Glad to see the back of January - while it's been very cold down here we were lucky to escape the snow. Been out in the car this morning and I was intrigued by a road sign I kept seeing (don't start me off!). It said "Norabide Guziak". At first I thought it looked like one of my nightmare Scrabble hands.. but it's Basque for "Toutes Directions" - or "Through Traffic" in yer Anglo Saxon.. There's just nothing there to give you a clue is there? While we're on the subject, I'll run through my Basque language repertoire for you.. Milesker is please. Bai is yes. And, as you now know, Norabide Guziak is Through Traffic.. And that's it after living here for over 2 years.

I nipped over the border to pick up a few things (inc. a 2 litre bottle of Scotch for 16€) at the Venta supermarkets on the other side. Well worth a visit if in the area.

2nd February 2010. The car thermometer reckoned it was 15C.. And, as it was Pancake Tuesday, Madame made a stack of them with all kinds of exotic fillings - think the highlight was the chocolate & banana one, flambéed with rhum.. We went down to the beach at Anglet this afternoon and for the first time this year, it felt like spring was on the way. A silver mist hung over the Biarritz beach and the Pyrenees were white with snow.
Think Pancake Wednesday could be a good idea!

Friday 29 January 2010

41. Basque specialities

29th January 2010. I was walking through Saint-Jean-de-Luz the other day listening to snatches of conversations from passers-by (as you do) when it struck me that the English language was probably outside the medals in a distant fourth place when it came to which language was most likely to be overheard there. The first three contenders are French, Spanish and Basque (in no particular order). The rowing club has started a regular exchange with its counterpart in San Sebastian over the border. Prior to the saga of my knees, we drove over there a couple of times for outings in their very distinctive "trainières" (right). I was quite surprised at how many of the French element could speak Spanish and there were even a few who could speak Basque as well. I've deliberately kept away from speaking "Angliche" with them there unless I've been absolutely forced to but I don't think many speak it at all. I noticed in Paris over Christmas that quite a few people kindly switched into English when my French wasn't up to it. However, down here in the extreme south west, English is a long way from being a second language.

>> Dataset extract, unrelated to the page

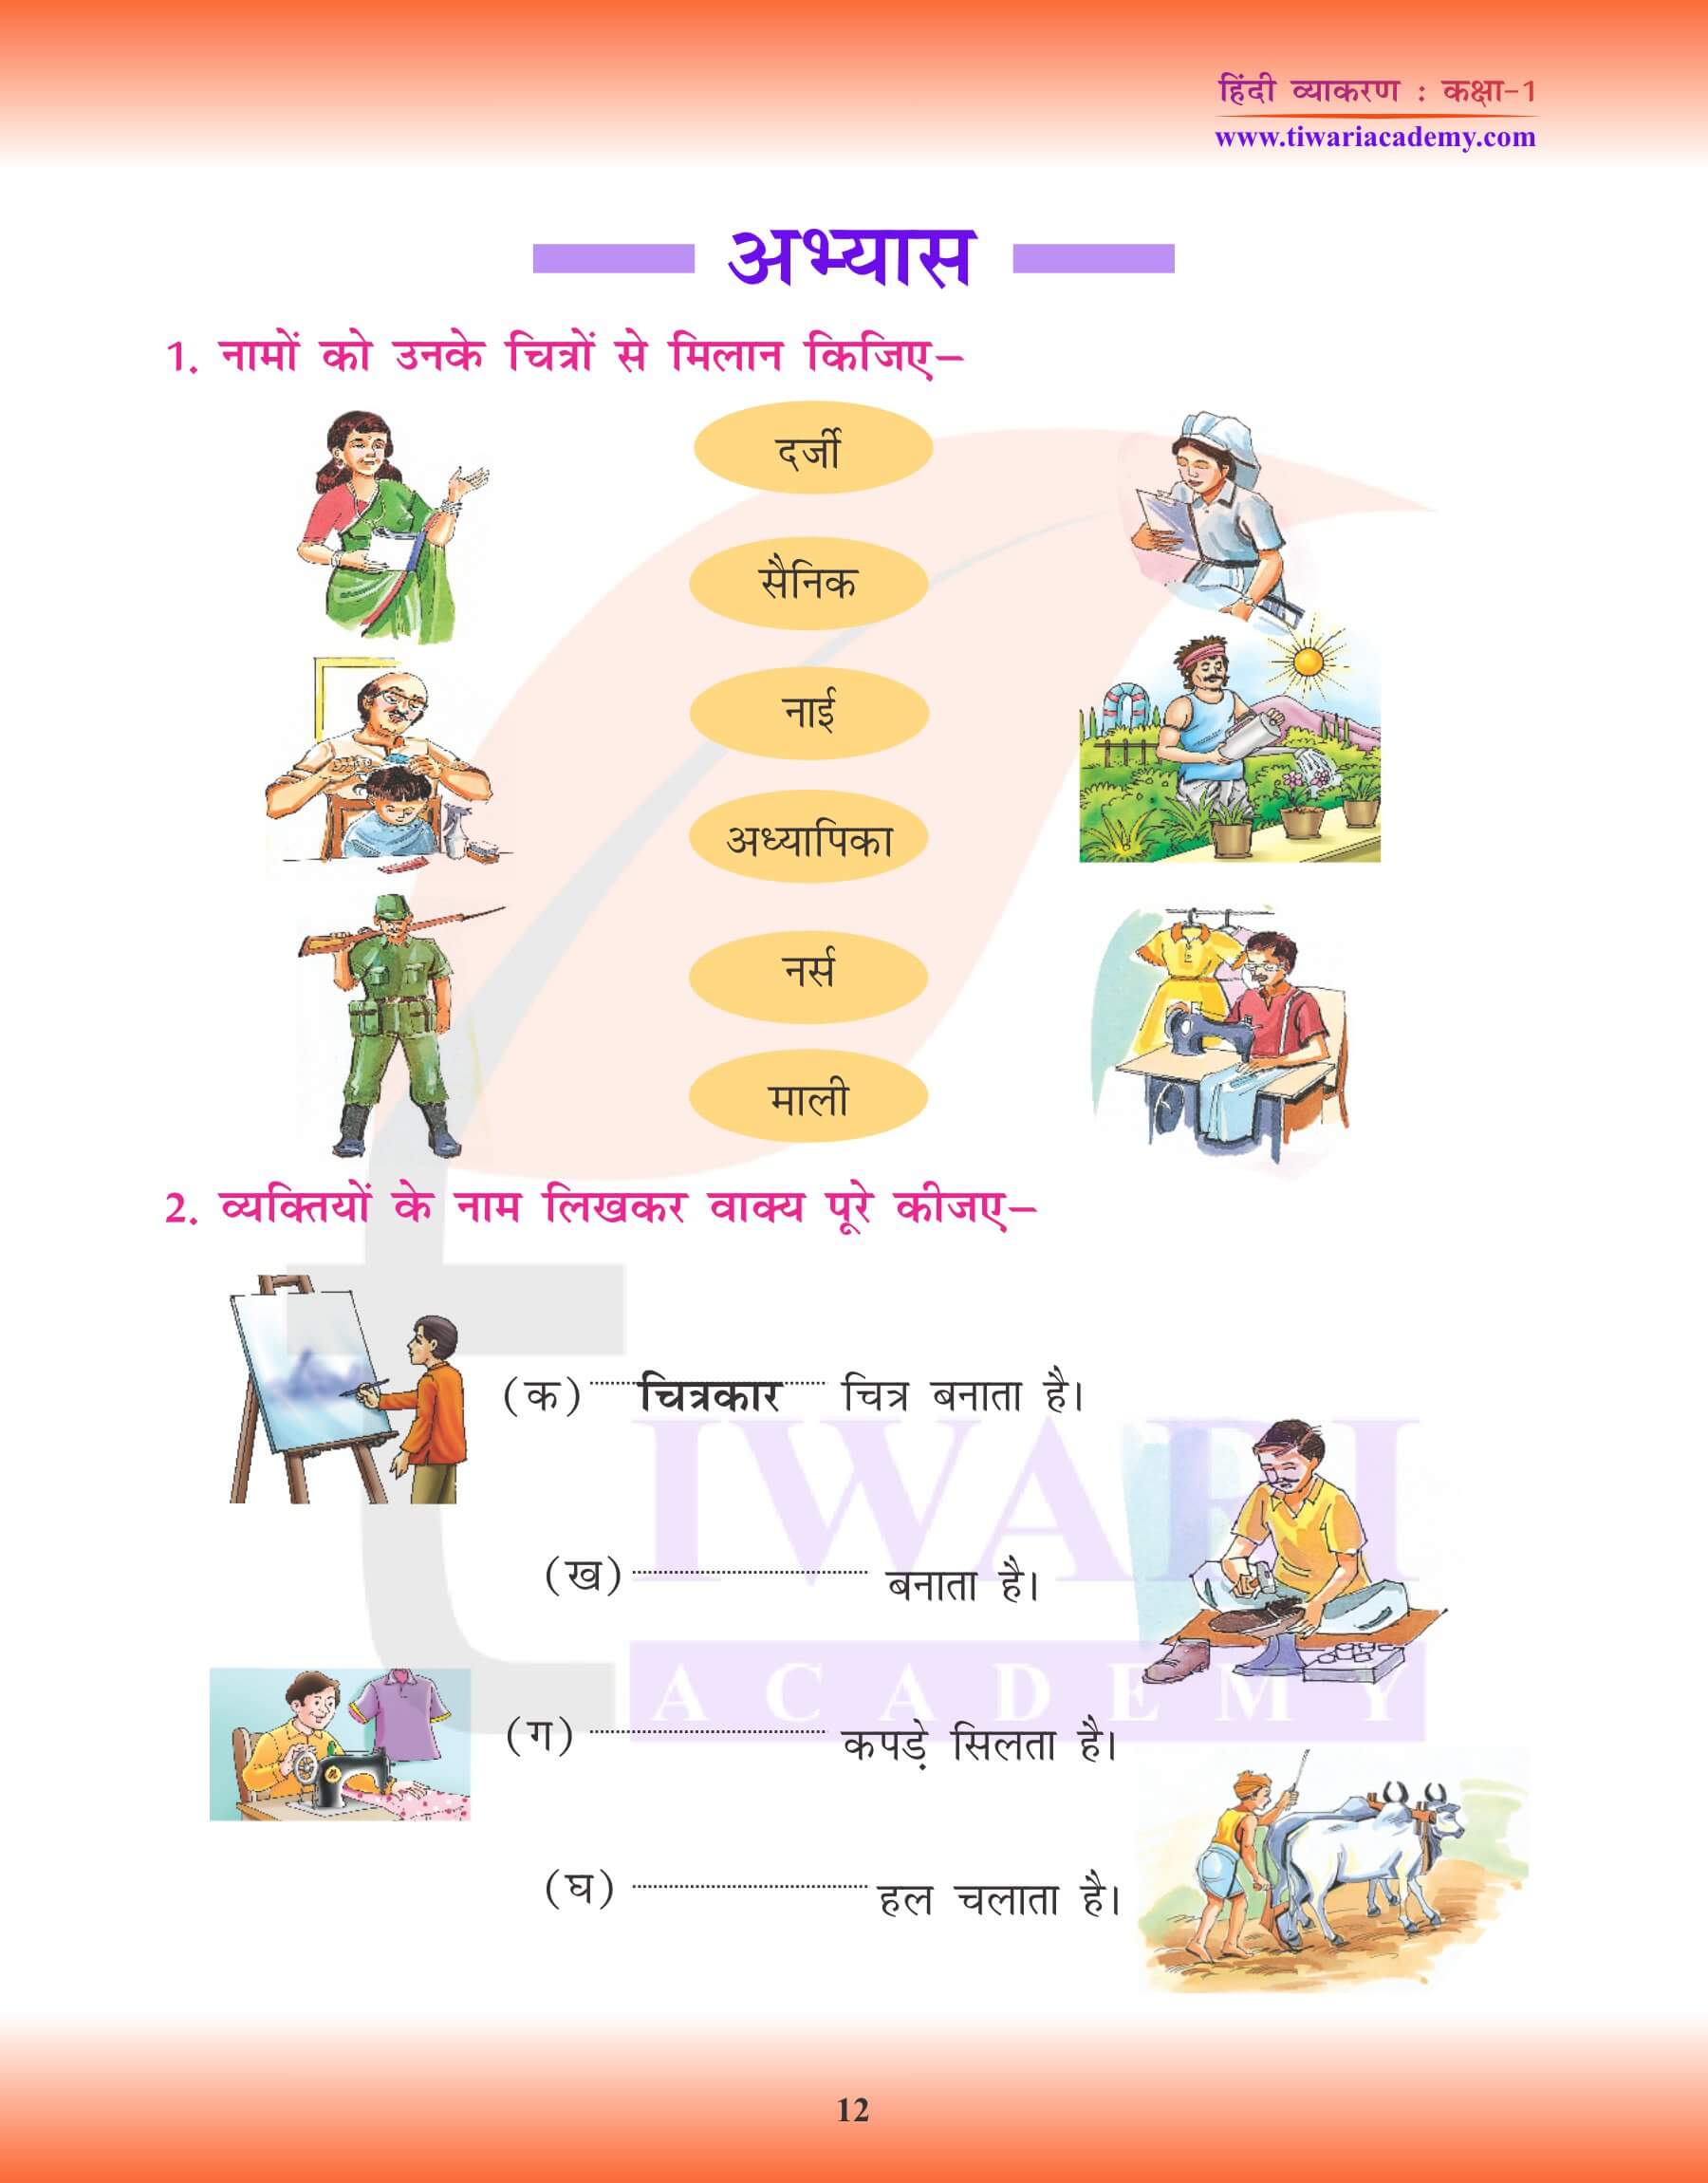 कक्षा 1 के लिए हिंदी व्याकरण में संज्ञा के लिए मिलान करना

After my Basque cheese market research episode, I was weighing up the pros & cons of the unique gastronomic specialities of the Pays Basque. In my view, while Basque cheeses don't stand comparison with the great cheeses of France, they're worth trying once or twice. Given the choice between a Basque cheese or a ripe Brie de Meaux, or even better, a (Vacherin) Mont d'Or, it would be no contest.. the Brie or the Mont d'Or (the king of cheese in my book) would win every time. Mont d'Or can only be found in the winter months which is why it's such a great Christmas treat here at 'Piperade Towers'. The Basque cheese has to be tried but only, in my view, out of a sense of duty that one is eating a regional product. (Edited to add: Re-reading this comment several years after I wrote it, I think I was being unduly harsh with Basque cheese. After all, an Ossau-Iraty cheese from Fromagerie Agour was voted the best cheese in the world a few years ago. Cheese is a very subjective subject - so take my comments with a pinch of salt - after all, Kraft Dairylea was the mainstay of my youth.)
This next comment might be seen as heresy here but I think the same is true of Gâteau basque which is widely found on local menus. I find it a fairly bland, stodgy cake that's pretty heavy going (you know you've eaten one) and devoid of any great taste. (I'll burn at the stake for this!) Yes, by all means give it a try when down here but don't expect too much from it. I'd better say no more on the subject! (Again, since writing the above one-eyed comment, my tastes have moved on and I've come to appreciate and, yes, enjoy gâteau basque.)

Just back from a VO (version originale - ie, in English) showing of George Clooney's latest - Up in the Air - at the flicks in Biarritz. The cinema experience was like going back 40-50 years.. No advertising, no relentless chomping of popcorn in bucket-sized containers, no half gallon Cokes being slurped, no rustle of sweet papers - just people out enjoying a film. How was the film? Not a feel-good movie at all - in fact, quite negative and depressing. If your Winter Fuel Allowance is burning a hole in your pocket, sit on your hands - because this isn't worth blowing a week's warmth on. Think George needs to speak to his agent.

Thursday 28 January 2010

40. Cheesed off..

28th January 2010. Here in France, cheese is a serious subject - as you might expect from a country that has n cheeses (where n is a number between 400 & 500) although this French web site asserts that there are now at least 1,200. 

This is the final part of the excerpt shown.